--- ENTRIES SHOWN ---

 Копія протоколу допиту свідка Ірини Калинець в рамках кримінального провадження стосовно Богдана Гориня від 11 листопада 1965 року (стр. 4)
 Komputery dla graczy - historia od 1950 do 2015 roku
...
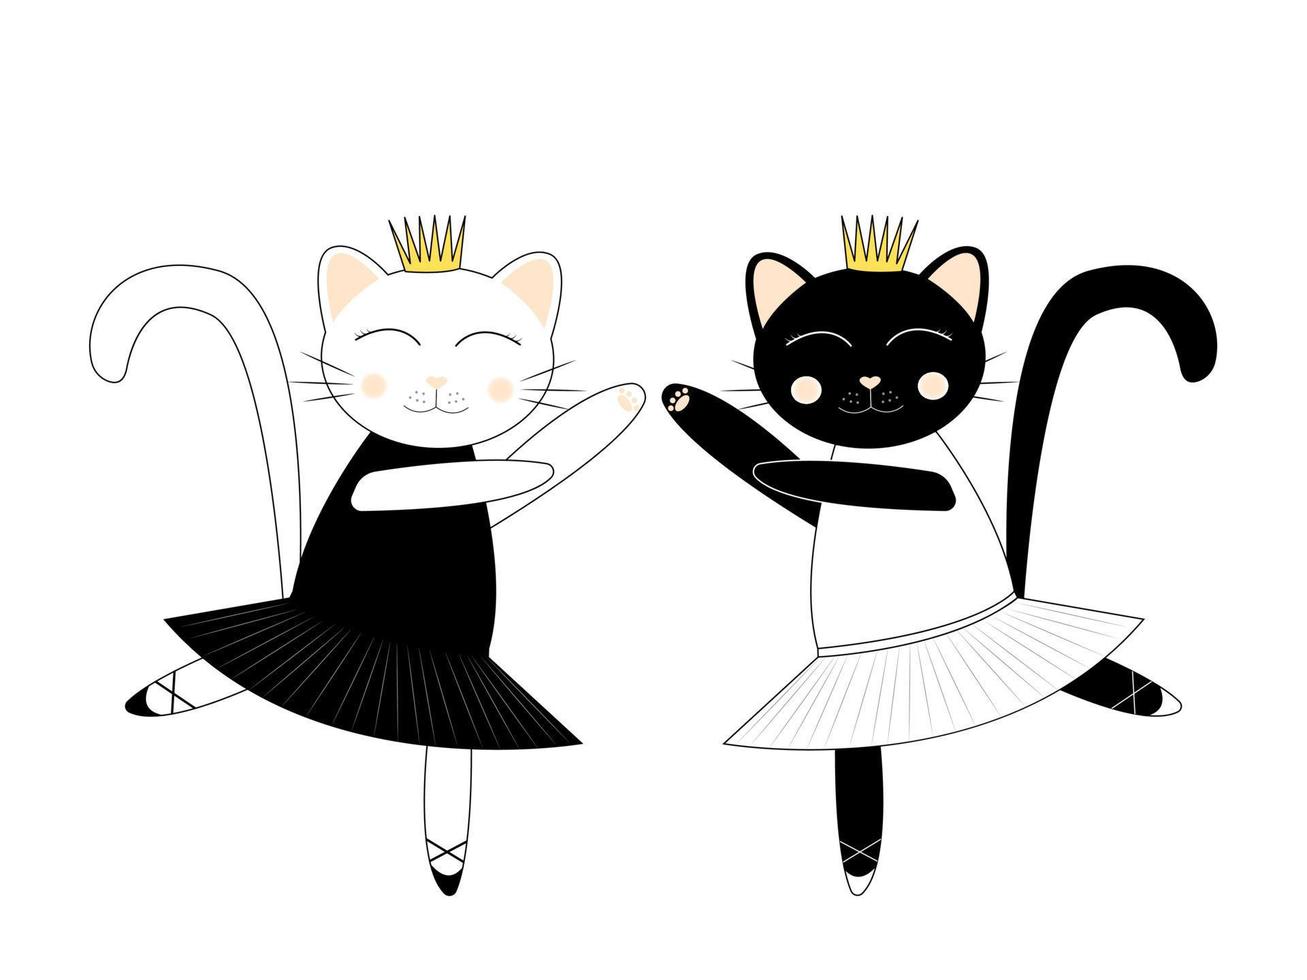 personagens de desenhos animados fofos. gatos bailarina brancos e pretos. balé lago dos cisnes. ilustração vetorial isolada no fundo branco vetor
* * *
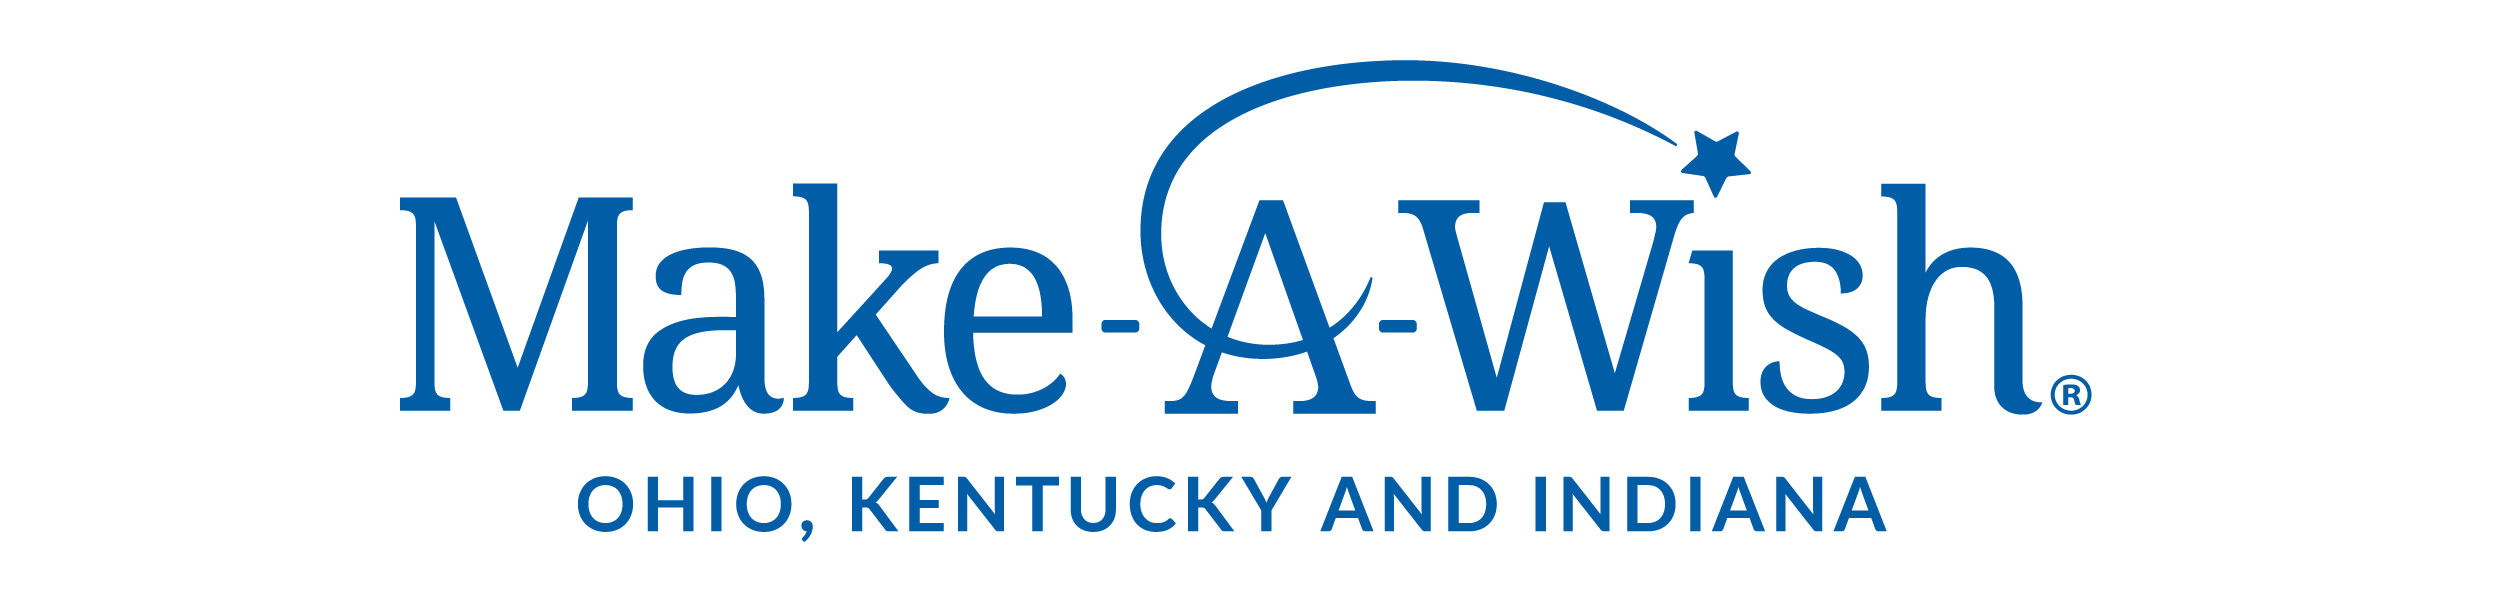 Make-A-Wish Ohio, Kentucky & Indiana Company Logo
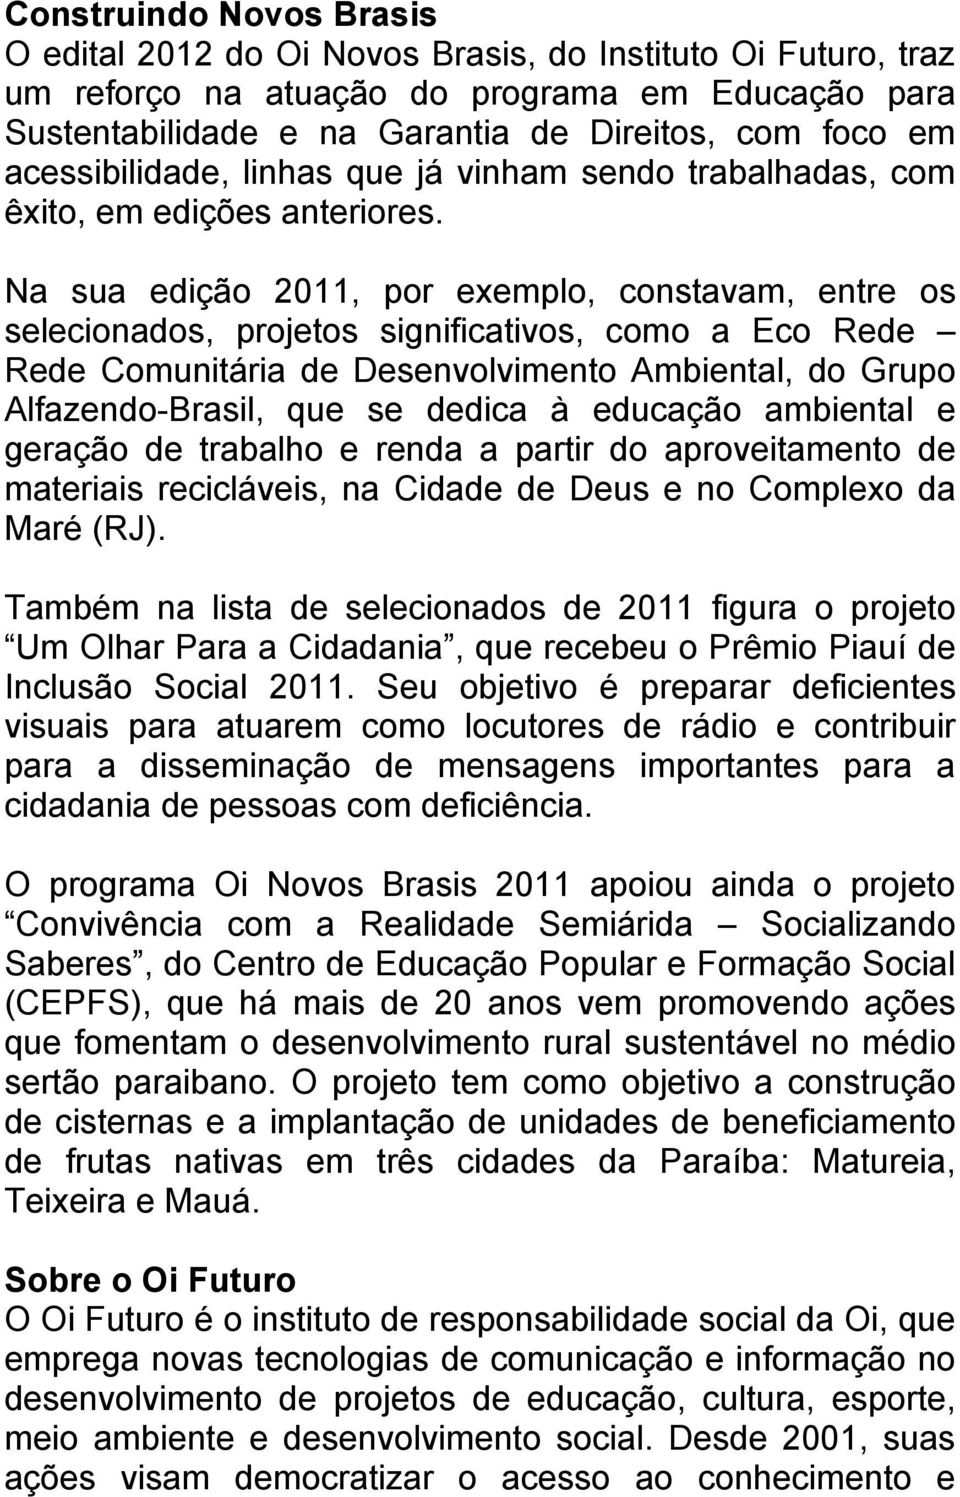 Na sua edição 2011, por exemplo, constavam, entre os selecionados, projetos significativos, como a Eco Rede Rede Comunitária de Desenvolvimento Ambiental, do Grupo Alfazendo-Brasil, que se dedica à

--- DIRECTIONS FOR THIS TASK ---
Given the data above, transcribe exactly the lines from the one containing "Копія протоколу допиту" down to the one containing "Komputery dla graczy", and no others.

--- TASK SOLUTION ---
 Копія протоколу допиту свідка Ірини Калинець в рамках кримінального провадження стосовно Богдана Гориня від 11 листопада 1965 року (стр. 4)
 Komputery dla graczy - historia od 1950 do 2015 roku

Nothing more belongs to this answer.